## Lab 6: Examining the Therapeutic Touch

Welcome to Lab 6!

After such an extensive introduction to programming for data science, we are finally moving into the section of the course where we can apply our new skills to answer real questions.  

In this lab, we'll use testing techniques that were introduced in class to test the idea of the therapeutic touch, the idea that some practictioners can feel and massage your human energy field. 

In [1]:
# Run this cell, but please don't change it.
!pip install okpy
!pip install datascience
# These lines import the Numpy and Datascience modules.
import numpy as np
from datascience import *

# These lines do some fancy plotting magic
import matplotlib
%matplotlib inline
import matplotlib.pyplot as plt
plt.style.use('fivethirtyeight')
import warnings
warnings.simplefilter('ignore', FutureWarning)
from matplotlib import patches
from ipywidgets import interact, interactive, fixed
import ipywidgets as widgets

# These lines load the tests.
from client.api.notebook import Notebook
ok = Notebook('lab06.ok')


### What is the Therapeutic Touch

The Therapeutic Touch (TT) is the idea that everyone can feel the Human Energy Field (HEF) around individuals. Certain practictioners claim they have the ability to feel the HEF and can massage it in order to promote health and relaxation in individuals. Those who practice TT have described different people's HEFs as "warm as Jell-O" and "tactile as taffy". 

TT was a popular technique used throughout the 20th century that was toted to be a great way to bring balance to a person's health. 

### Emily Rosa

[Emily Rosa](https://en.wikipedia.org/wiki/Emily_Rosa) was a 4th grade student who had wide exposure to the world of TT due to her parents. Her parents were both medical practitioners and skeptics of the idea of TT. 

For her 4th grade science fair project, Emily decided to test whether or not TT practitioners could truly interact with a person's HEF. 

**Question 1:** Discuss with the individuals around you how you would set up an experiment to test this.

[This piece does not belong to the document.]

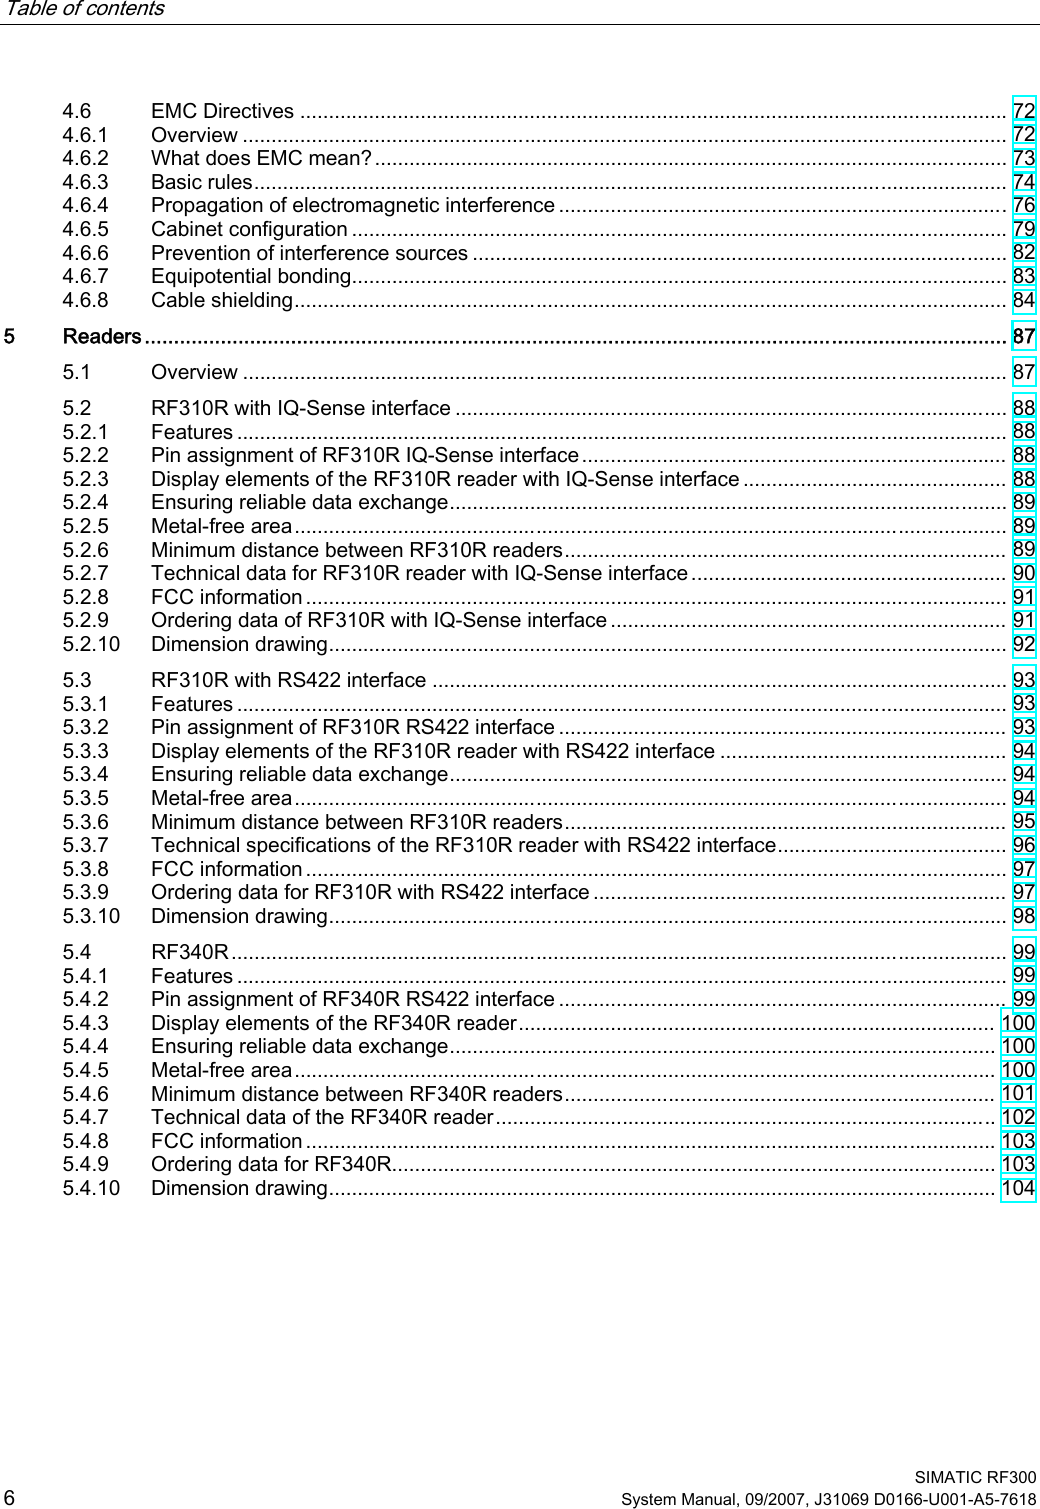 Table of contents      SIMATIC RF300 6 System Manual, 09/2007, J31069 D0166-U001-A5-7618 4.6  EMC Directives ........................................................................................................................... 72 4.6.1  Overview ..................................................................................................................................... 72 4.6.2  What does EMC mean?.............................................................................................................. 73 4.6.3  Basic rules................................................................................................................................... 74 4.6.4  Propagation of electromagnetic interference ..............................................................................76 4.6.5  Cabinet configuration .................................................................................................................. 79 4.6.6  Prevention of interference sources ............................................................................................. 82 4.6.7  Equipotential bonding.................................................................................................................. 83 4.6.8  Cable shielding............................................................................................................................ 84 5  Readers................................................................................................................................................... 87 5.1  Overview ..................................................................................................................................... 87 5.2  RF310R with IQ-Sense interface ................................................................................................ 88 5.2.1  Features ...................................................................................................................................... 88 5.2.2  Pin assignment of RF310R IQ-Sense interface.......................................................................... 88 5.2.3  Display elements of the RF310R reader with IQ-Sense interface .............................................. 88 5.2.4  Ensuring reliable data exchange................................................................................................. 89 5.2.5  Metal-free area............................................................................................................................ 89 5.2.6  Minimum distance between RF310R readers............................................................................. 89 5.2.7  Technical data for RF310R reader with IQ-Sense interface....................................................... 90 5.2.8  FCC information .......................................................................................................................... 91 5.2.9  Ordering data of RF310R with IQ-Sense interface ..................................................................... 91 5.2.10  Dimension drawing...................................................................................................................... 92 5.3  RF310R with RS422 interface .................................................................................................... 93 5.3.1  Features ...................................................................................................................................... 93 5.3.2  Pin assignment of RF310R RS422 interface .............................................................................. 93 5.3.3  Display elements of the RF310R reader with RS422 interface .................................................. 94 5.3.4  Ensuring reliable data exchange................................................................................................. 94 5.3.5  Metal-free area............................................................................................................................ 94 5.3.6  Minimum distance between RF310R readers............................................................................. 95 5.3.7  Technical specifications of the RF310R reader with RS422 interface........................................ 96 5.3.8  FCC information .......................................................................................................................... 97 5.3.9  Ordering data for RF310R with RS422 interface ........................................................................ 97 5.3.10  Dimension drawing...................................................................................................................... 98 5.4  RF340R....................................................................................................................................... 99 5.4.1  Features ...................................................................................................................................... 99 5.4.2  Pin assignment of RF340R RS422 interface .............................................................................. 99 5.4.3  Display elements of the RF340R reader................................................................................... 100 5.4.4  Ensuring reliable data exchange............................................................................................... 100 5.4.5  Metal-free area.......................................................................................................................... 100 5.4.6  Minimum distance between RF340R readers........................................................................... 101 5.4.7  Technical data of the RF340R reader....................................................................................... 102 5.4.8  FCC information ........................................................................................................................ 103 5.4.9  Ordering data for RF340R......................................................................................................... 103 5.4.10  Dimension drawing.................................................................................................................... 104

*Write your answer here, replacing this text.*

### Emily's Experiment

Emily's experiment was clean, simple, and effective. Due to her parents' occupations in the medical field, she had wide access to people who claimed to be TT practitioners. 

Emily took 21 TT practitioners and used them for her science experiment. She would take a TT practitioner and ask them to extend their hands through a screen (which they can't see through). Emily would be on the other side and would flip a coin. Depending on how the coin landed, she would put out either her left hand or her right hand. The TT practitioner would then have to correctly answer which hand Emily put out. Overall, through 210 samples, the practitioner picked the correct hand 44% of the time. 

Emily's main goal here was to test whether or not the TT practicioners' guesses were random, like the flip of a coin. In most medical experiments, this is the norm. We want to test whether or not the treatment has an effect, *not* whether or not the treatment actually works. 

We will now begin to formulate this experiment in terms of the terminology we learned in this course. 

**Question 2**: What is Emily's hypothesis for the experiment? What is the alternative hypothesis? Discuss with students around you to come to a conclusion. 

**Your Answer Here:**

Emily's Hypothesis: 

Alternative Hypothesis: 

**Question 3:** Remember that the practitioner got the correct answer 44% of the time. According to Emily's hypothesis, on average, what proportion of times do we expect the practitioner to guess the correct hand? Make sure your answer is between 0 and 1. 

In [2]:
expected_correct = ...
expected_correct

In [3]:
_ = ok.grade('q3')

The goal now is to see if our deviation from this expected proportion of correct answers is due to something other than chance. 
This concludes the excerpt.